A participação do governador de Minas Gerais, Aécio Neves (PSDB), na campanha de Geraldo Alckmin criou um novo entrave para aproximação entre José Serra (PSDB) e o candidato tucano a prefeito de São Paulo.

Reservadamente, os próprios alckmistas reconhecem que o governador do Estado, dividido entre Gilberto Kassab (DEM), seu vice na prefeitura (de janeiro de 2005 a março de 2006), pode ter encontrado na visita do colega mineiro a Alckmin o pretexto ideal para se manter afastado da disputa.

Segundo tucanos, Serra encarou o convite a Aécio como uma tentativa de constrangimento e reclamou da pressão. Em conversas com secretários ligados a Alckmin, avisou: "Não funciono sob pressão".

Um dos colaboradores da campanha de Alckmin, o secretário de Transportes, Mauro Arce, afirmou que "do ponto de vista prático, a visita [de Aécio] não acrescenta muito".

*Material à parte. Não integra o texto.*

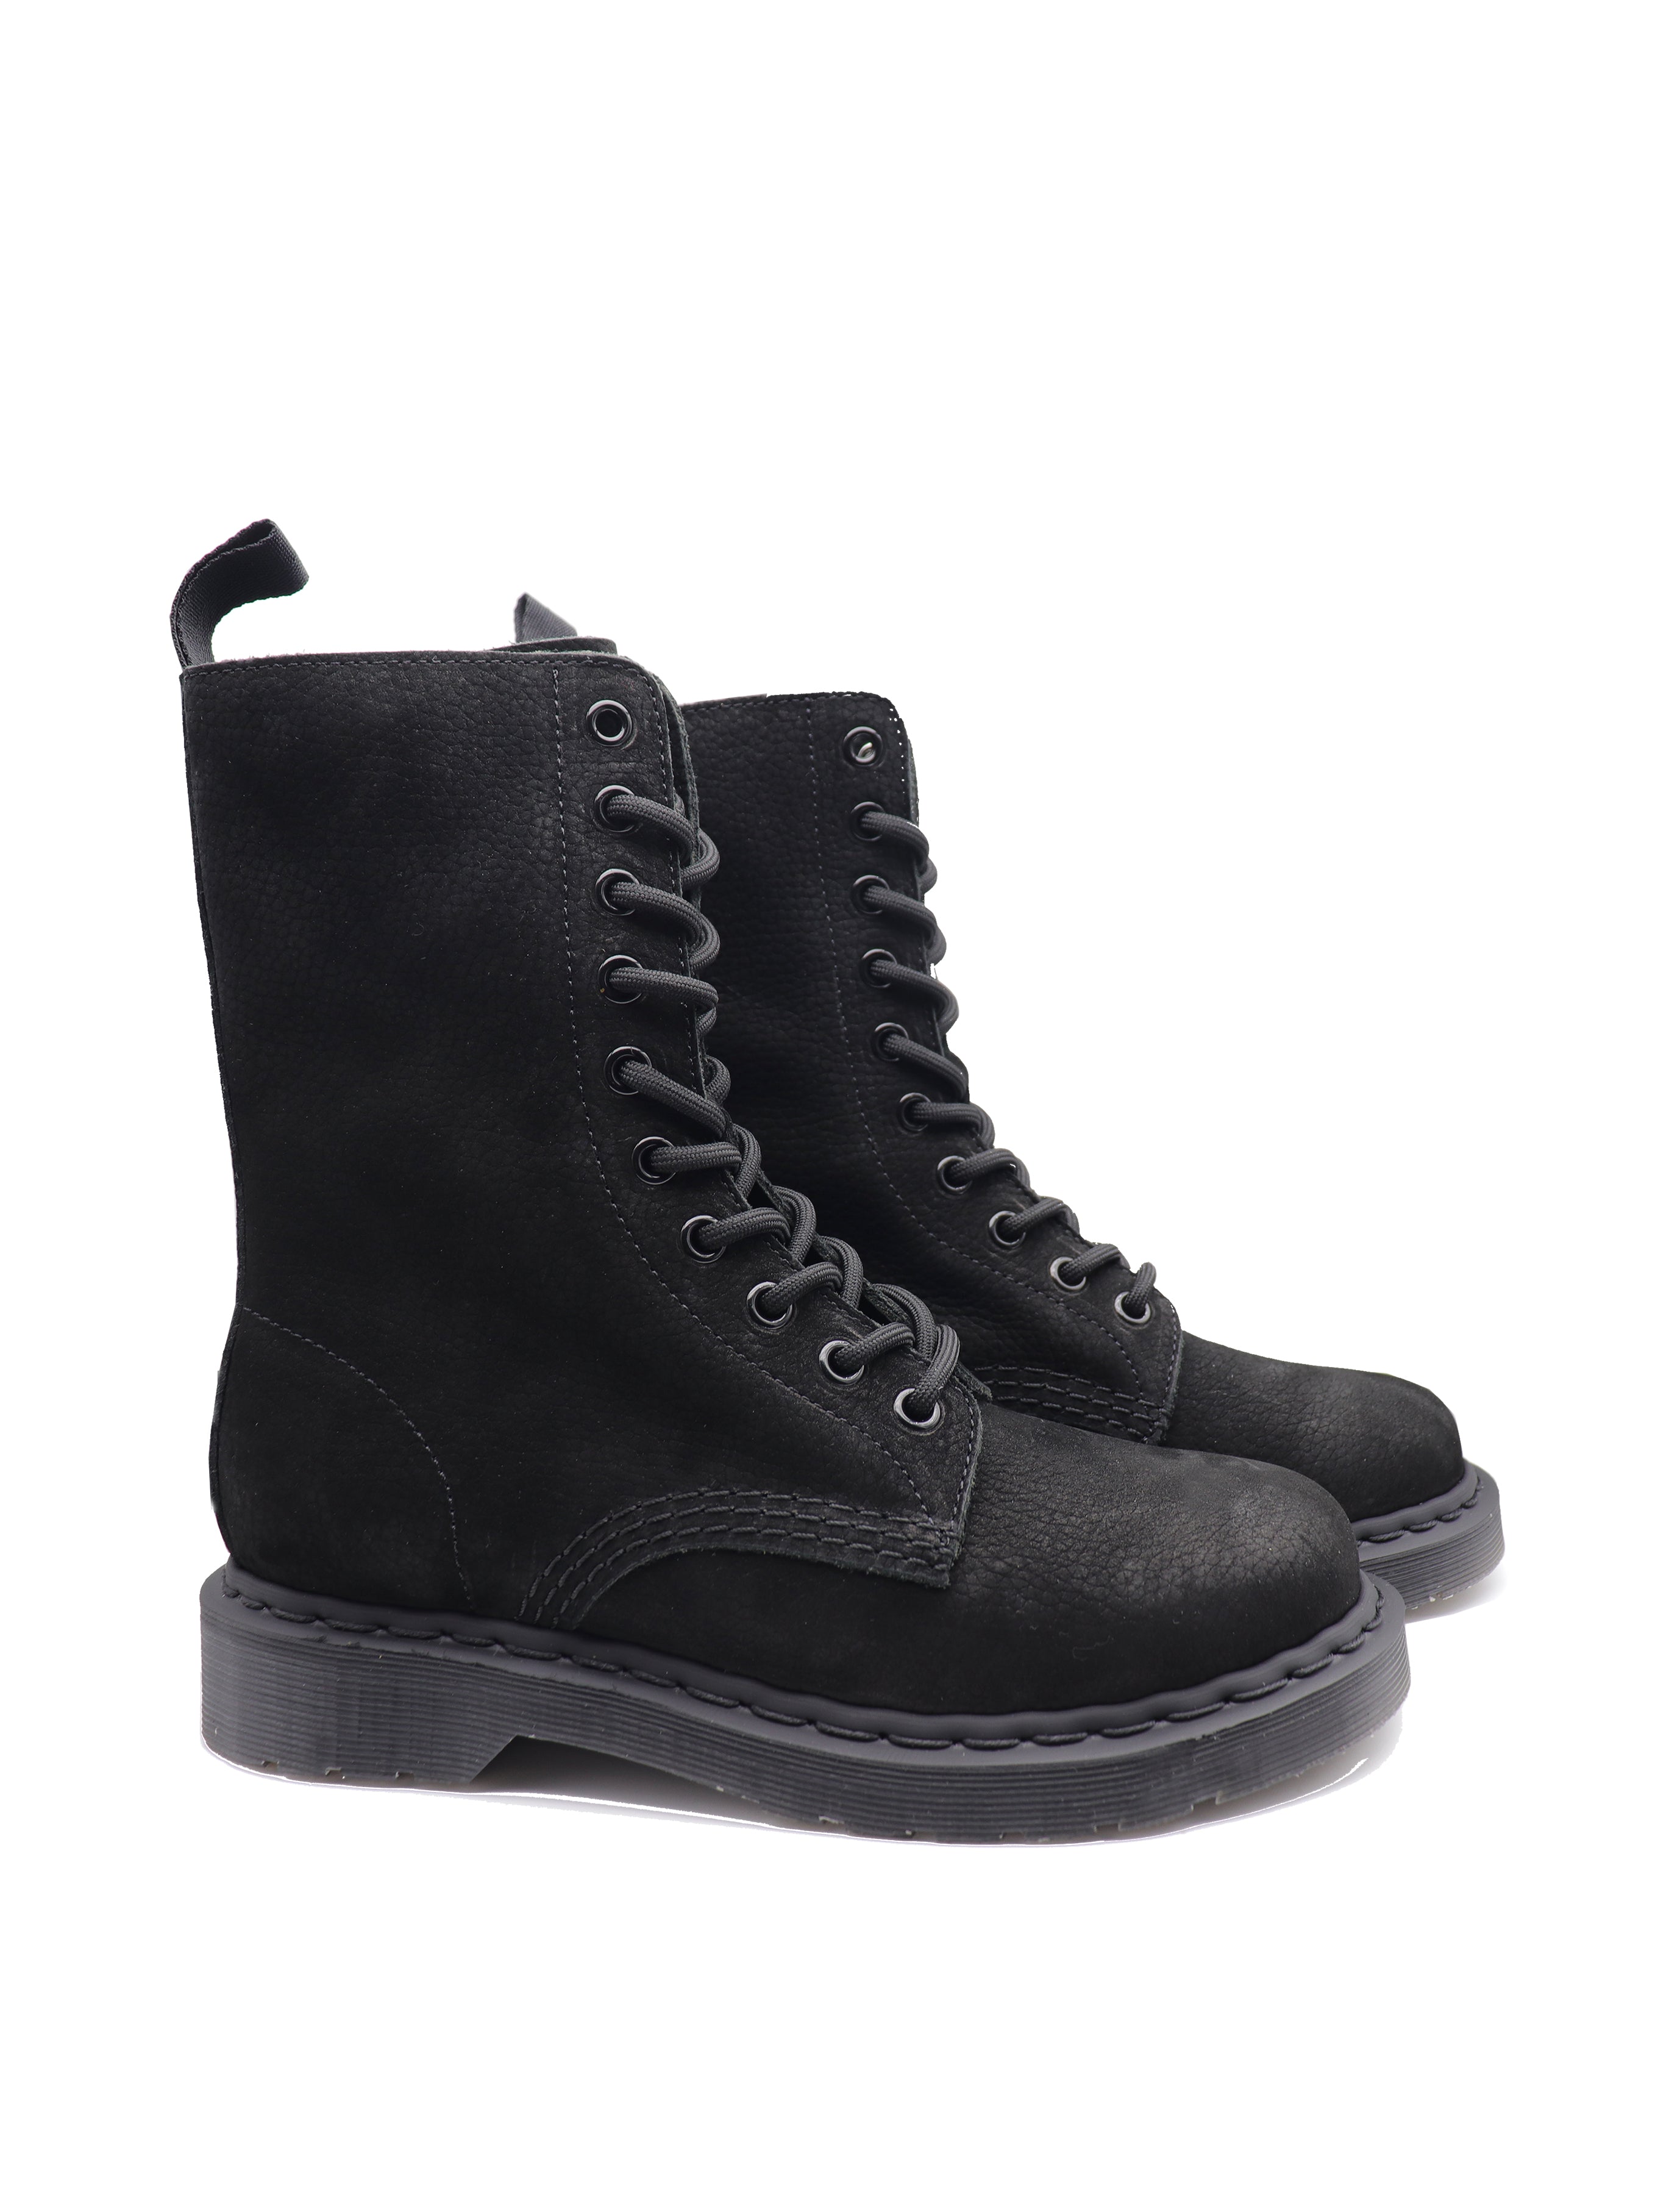 Andrea black matte First coat lychee cowhide Side Zip Lace-up ankle Boots

Para aliados de Serra, a convocação de Aécio não só serviu de munição a Marta como também alimentou o argumento de kassabistas, segundo os quais Alckmin será um cabo eleitoral do governador de Minas.

Embora avalie como remota a chance de reeleição de Kassab, Serra tem resistido à pressão para que grave um depoimento em favor de Alckmin ainda no primeiro turno.

Sua idéia seria gravar só depois de cristalizada uma polarização entre Marta Suplicy (PT) e Alckmin, de preferência no segundo turno.

Serra e Aécio pleiteiam o direito de concorrer ao Planalto em 2010 pelo PSDB. Se for eleito, Alckmin terá peso importante no processo de escolha.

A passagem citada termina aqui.